Single documents (a corpus) or multiple documents (a corpora) can be analyzed.

You can load text one of three ways:

Cut and paste
Upload files from your computer
Open a pre-created corpora from your files

Open the American Red Cross Text-Book from the text box to the left, then open either the first HTML version or the plain text UTF-8 version. Select all of the text using the Ctrl A keystroke on a PC or the Command A keystroke on a MAC, copy it then paste into the box on the Voyant home page.

Click the REVEAL button and in a few minutes you'll see the results.

The Voyant result screen is divided into 5 segments or "skins," each displaying a different format of text analysis.

Mouse over the upper right corner of the Cirrus skin to reveal the task icons available in this skin.

The word cloud is the most obvious of the visualizations available in Voyant. The default minimum is 55 words:

the number of terms included can be adjusted with the radio button slider at the bottom of the skin
to adjust the specific terms in the word cloud, click on the Terms function at the top of the screen and use the check boxes to select terms
Clicking on the Links function will reveal a relational word cloud of key terms

Take a moment to notice what happens in each of the other 4 skins as you click on individual terms in the word cloud.

Explore the Trends skin:

Default display shows the top 5 most frequently occurring words in the text
Displays the distribution of these words across 10 equal divisions of the single text
Display options allow for different chart formats

Customize Your Trends Skin:

Let's explore the relationship of several terms in this text. I'm interested in how the words "mother" "father" and "child" relate to one another throughout the text. Type each of these words into the search box at the bottom of the Trends skin to add them to the visualization.

Hover your mouse pointer over the ? to see a list of syntax variations you can perform. Perhaps most useful is the option for proximity searching: ~5 to locate words within 5 words of each other (or other number that is appropriate for the situation).

The Context skin is where we will explore the other visualization tools that are part of Voyant.

Move your mouse into the tile bar on the Context skin and click on the Window icon that will appear.

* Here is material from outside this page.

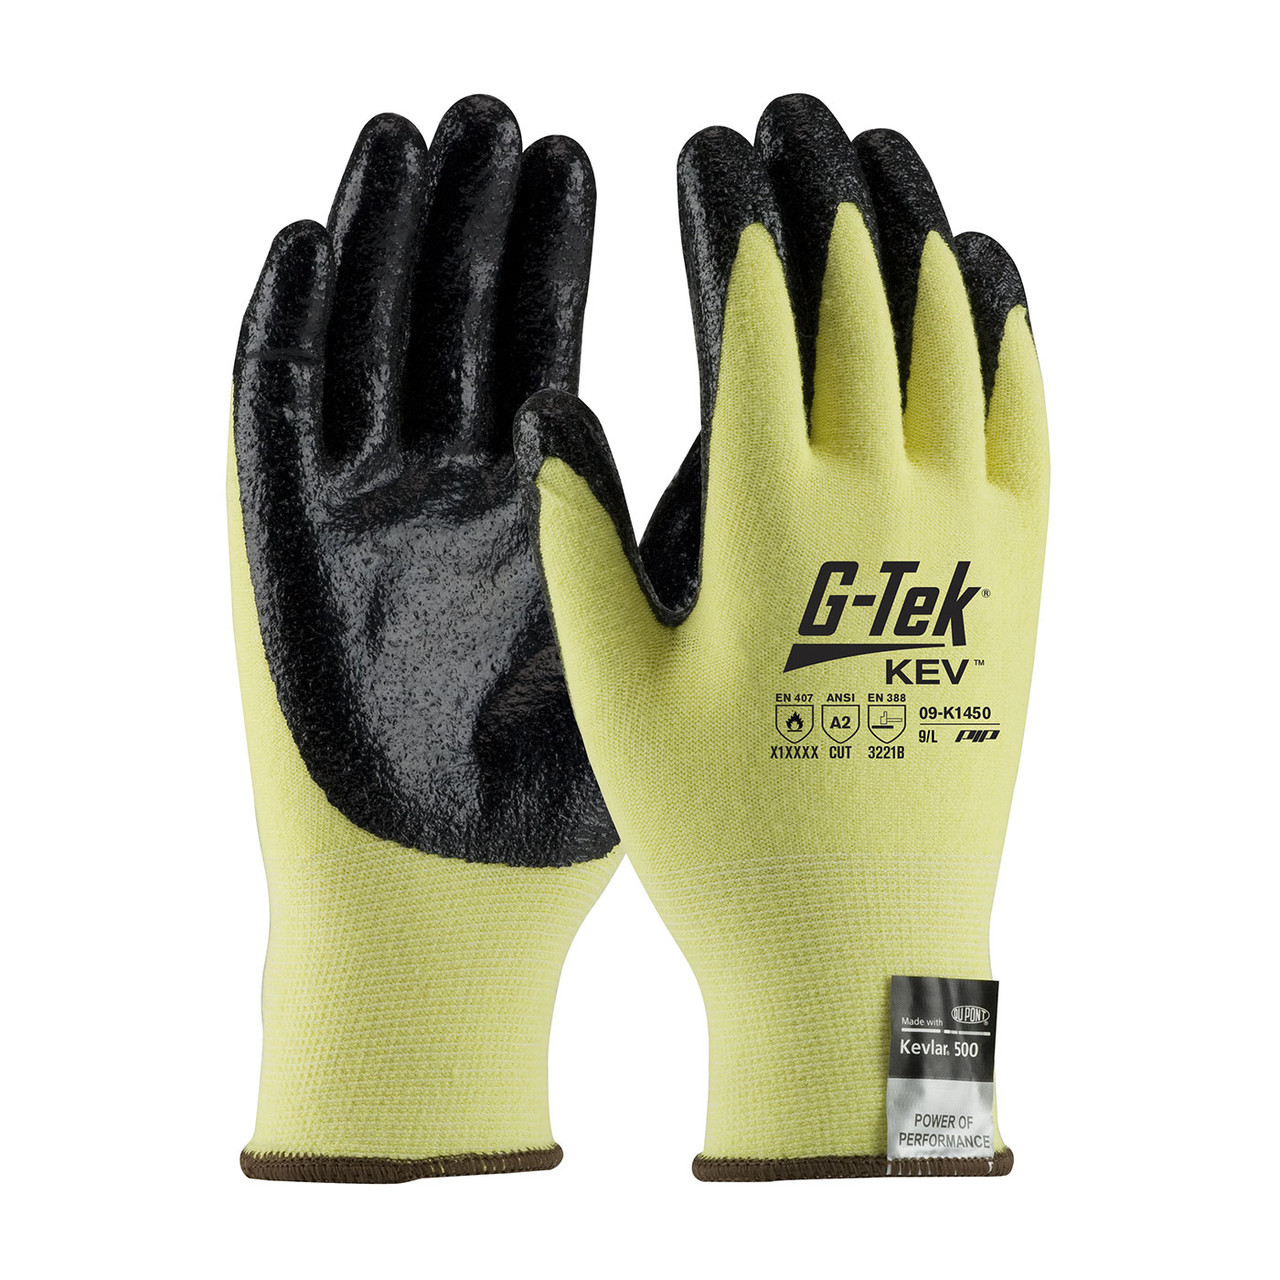 G-Tek KEV Seamless Knit DuPont Kevlar / Elastane Glove with Polyurethane  Coated Flat Grip on Palm & Fingers, Medium, 12 Pairs
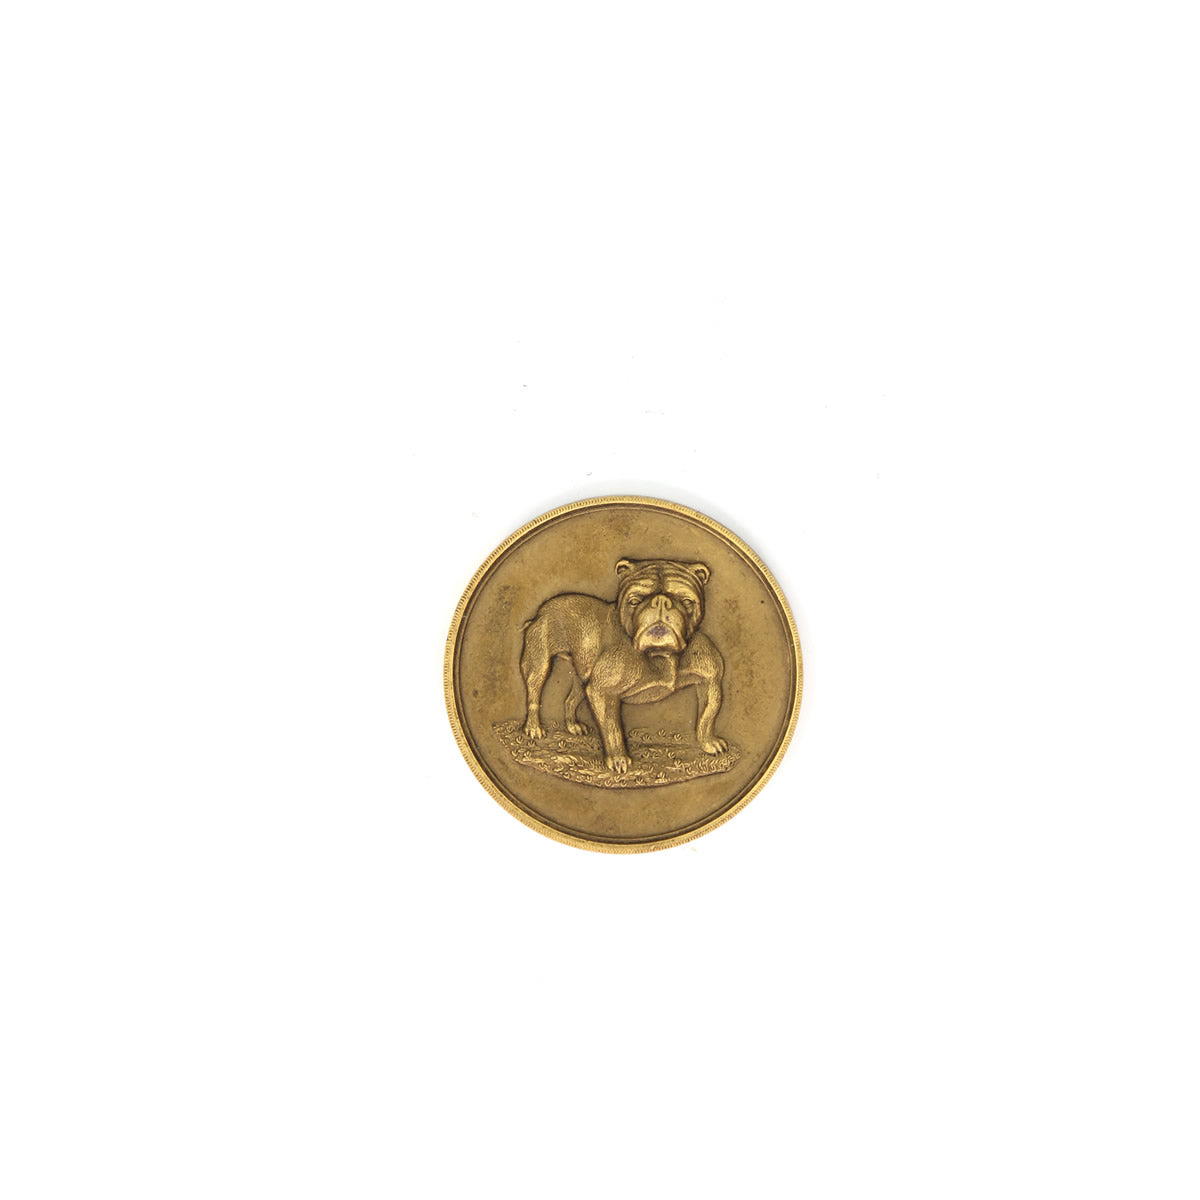 Northumberland Bulldog Club Medal (Gold Tone), c.1920's

You'll see a menu of options. Let's look at the Corpus Tools option. You're familiar with several of these - Cirrus, Terms, and Summary - as they are already visible in the standard Voyant display. We'll take a closer look at the Word Tree, Topics, and the Scatterplot tools.

Lastly, we'll look at how Voyant processes and helps you analyze several texts as a unit - known as a corpora.

My example for this workshop uses several articles I've downloaded from my Zotero file which I am hypothetically using to write a literature or systematic review article. I want to see if Voyant will help me identify the key themes among the articles and the relationships of those themes across the selected literature.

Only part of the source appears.